BEGIN Source material

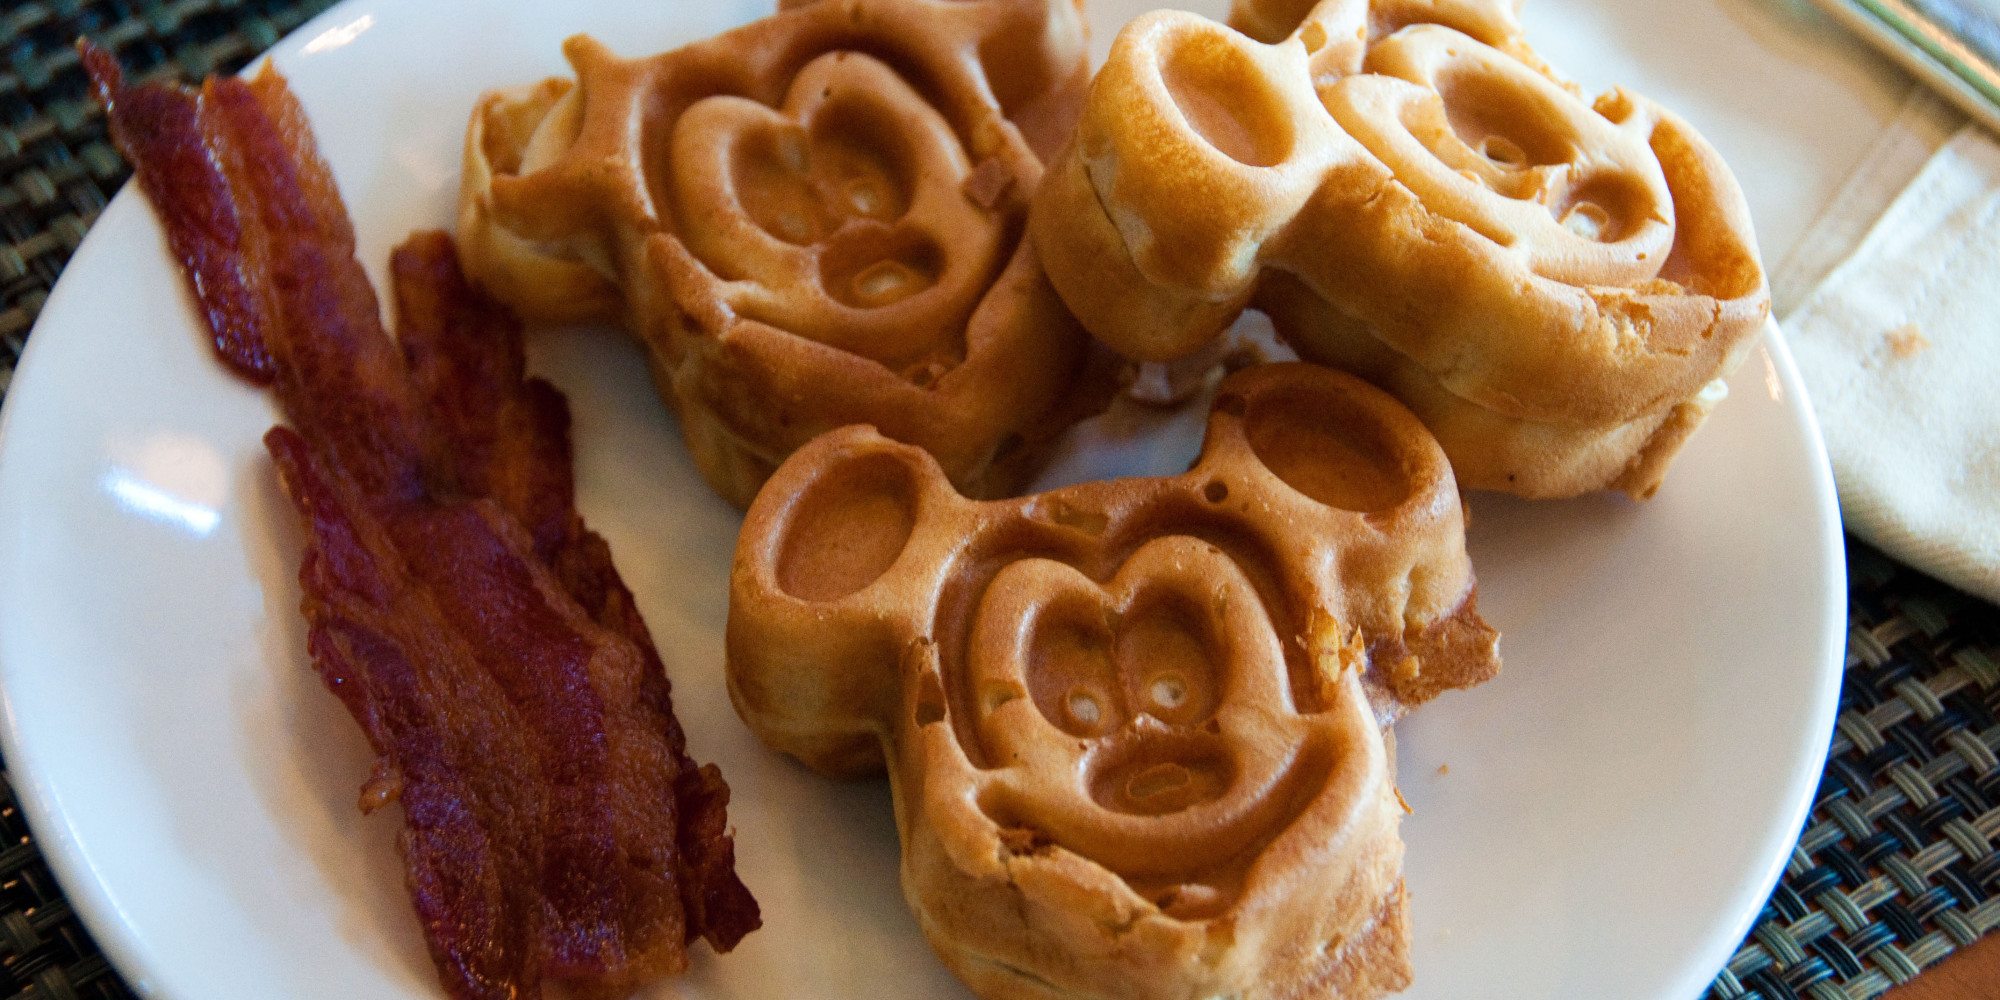 11-disney-treats-that-are-totally-worth-a-trip-to-the-park-huffpost
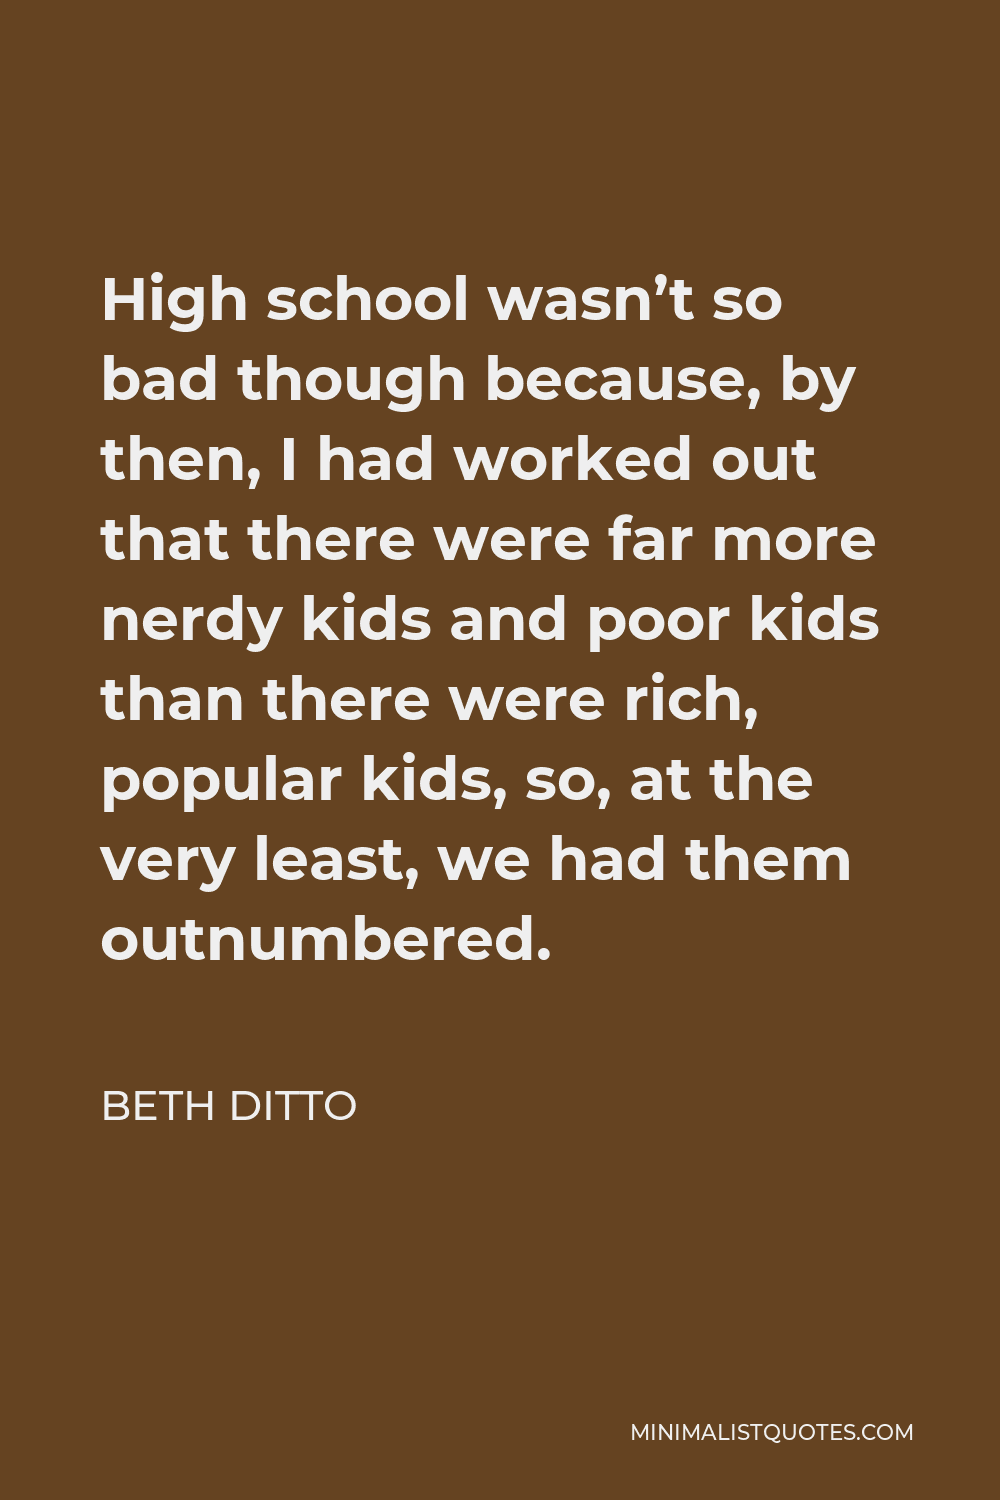 Beth Ditto quote: You know how people love to glamorize poverty
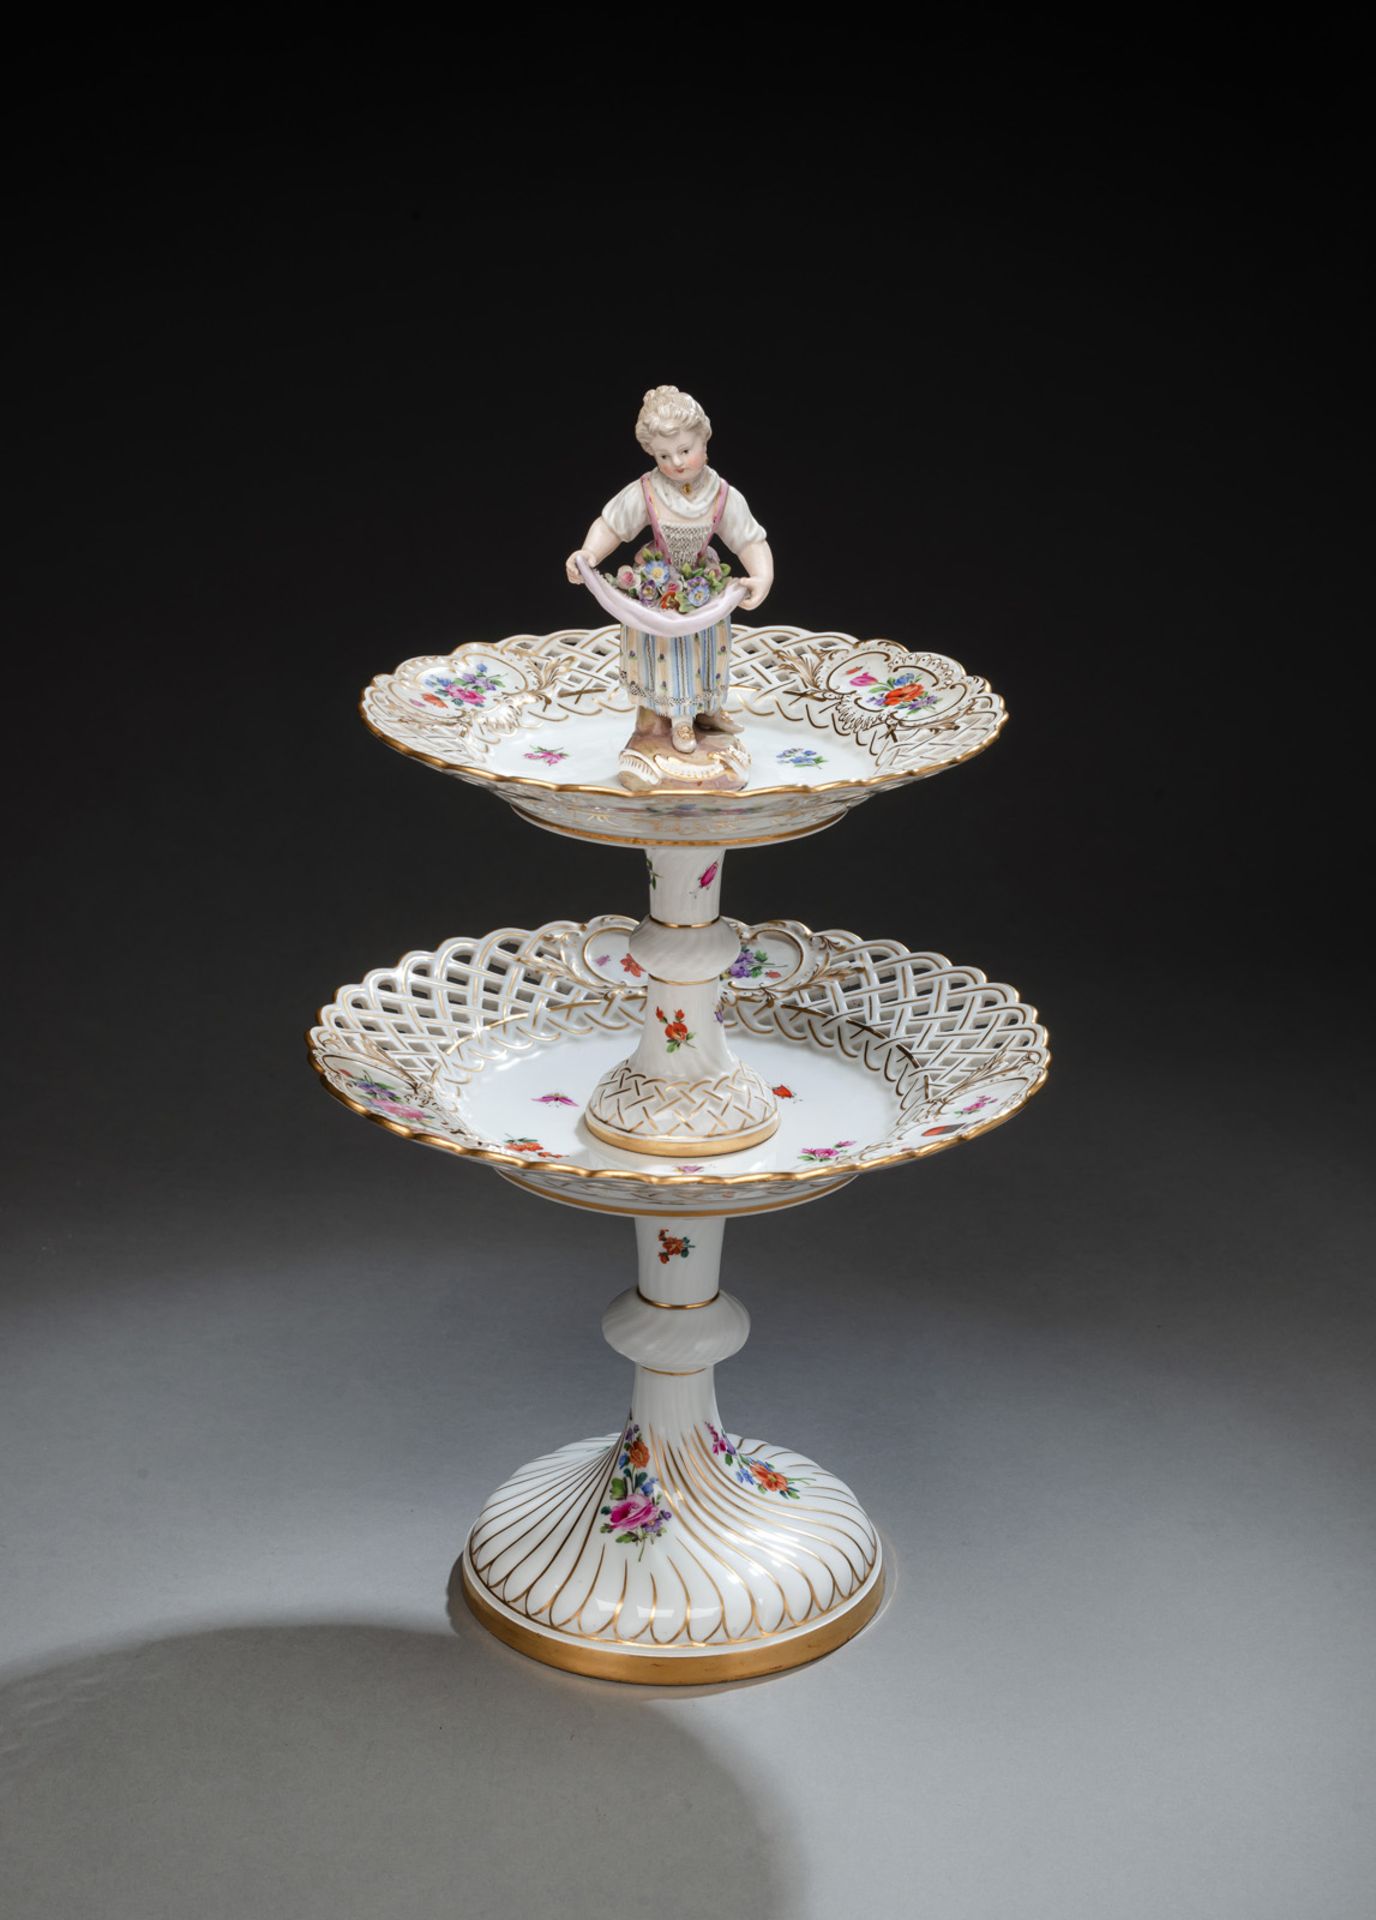 A MEISSEN FLORAL AND INSECT TOOLED CENTRE PIECE WITH A PRINCELY COAT OF ARMS
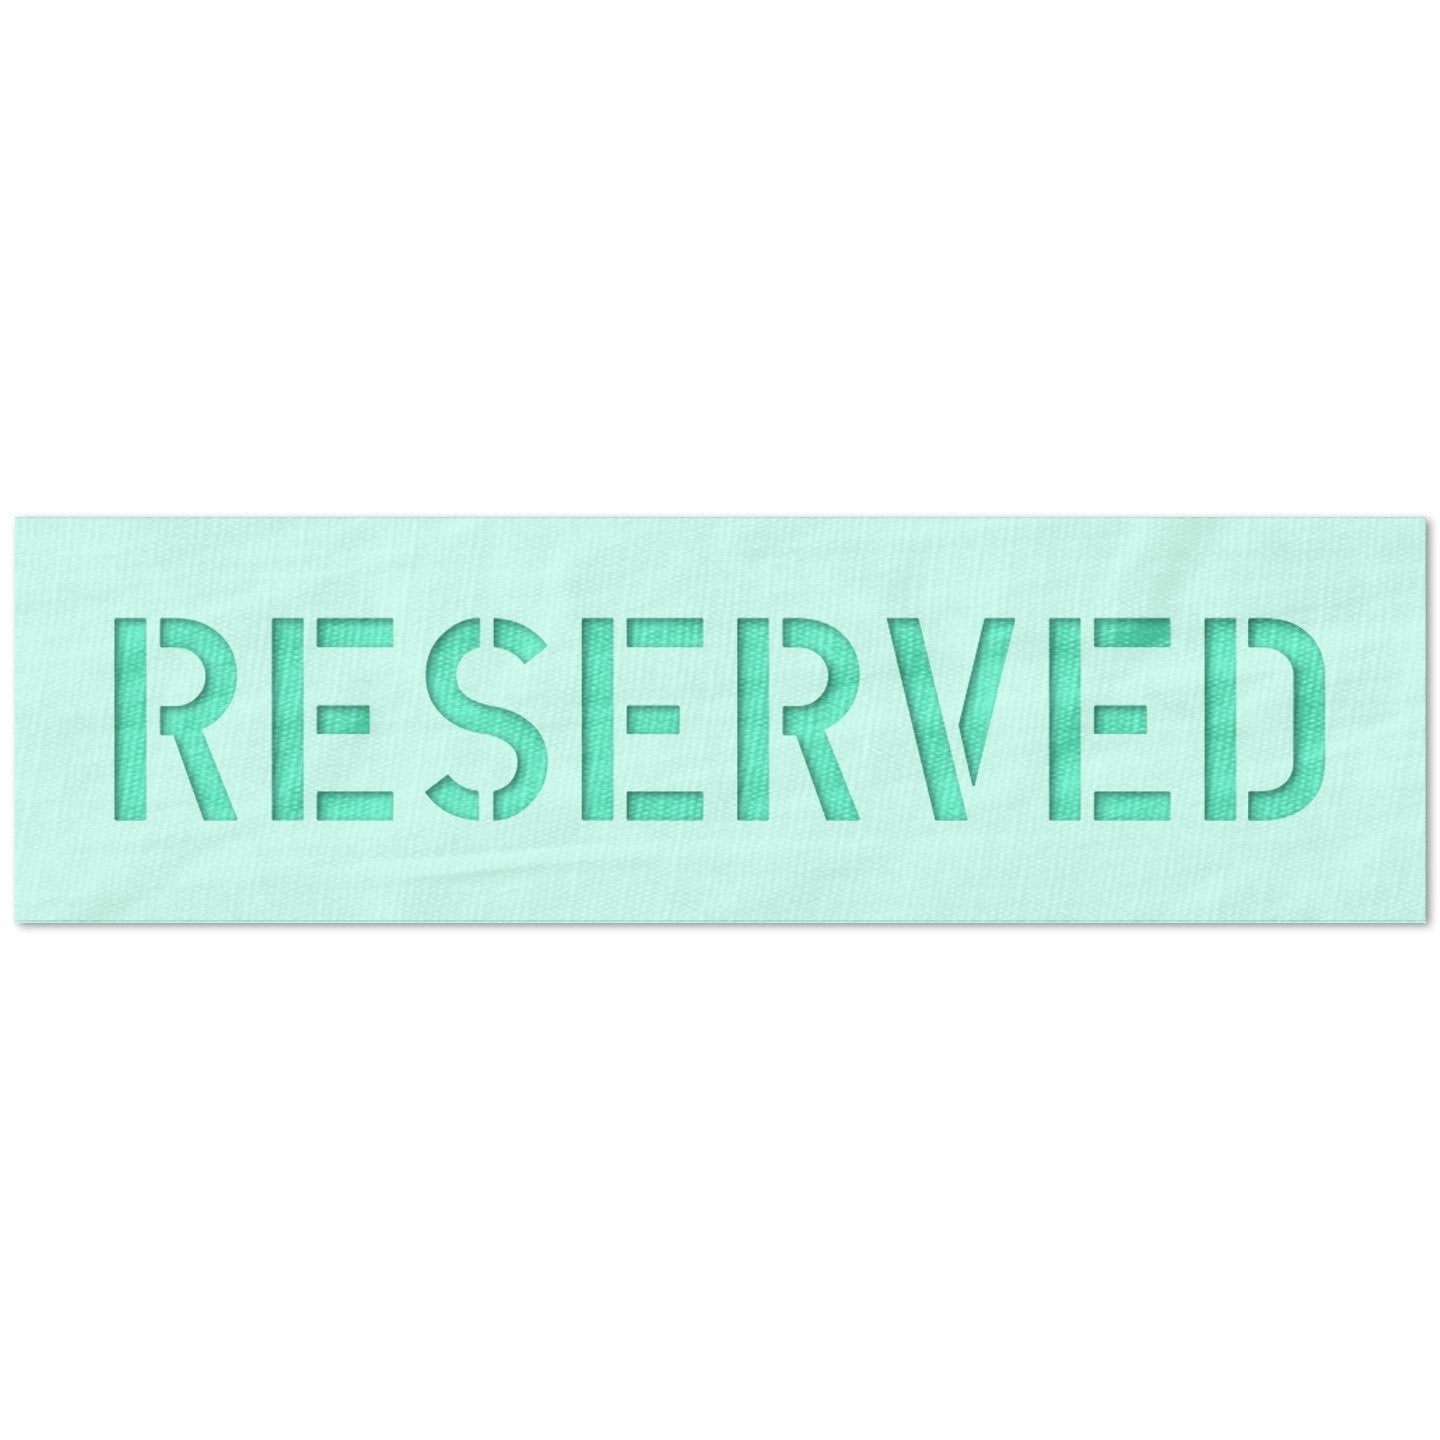 Reserved Parking Sign Stencil

END Source material

Images are not wanted in the copy. Please print the material above exactly.

■ Output ■
 11-disney-treats-that-are-totally-worth-a-trip-to-the-park-huffpost
 Beth Ditto quote: You know how people love to glamorize poverty
 A MEISSEN FLORAL AND INSECT TOOLED CENTRE PIECE WITH A PRINCELY COAT OF ARMS
 Reserved Parking Sign Stencil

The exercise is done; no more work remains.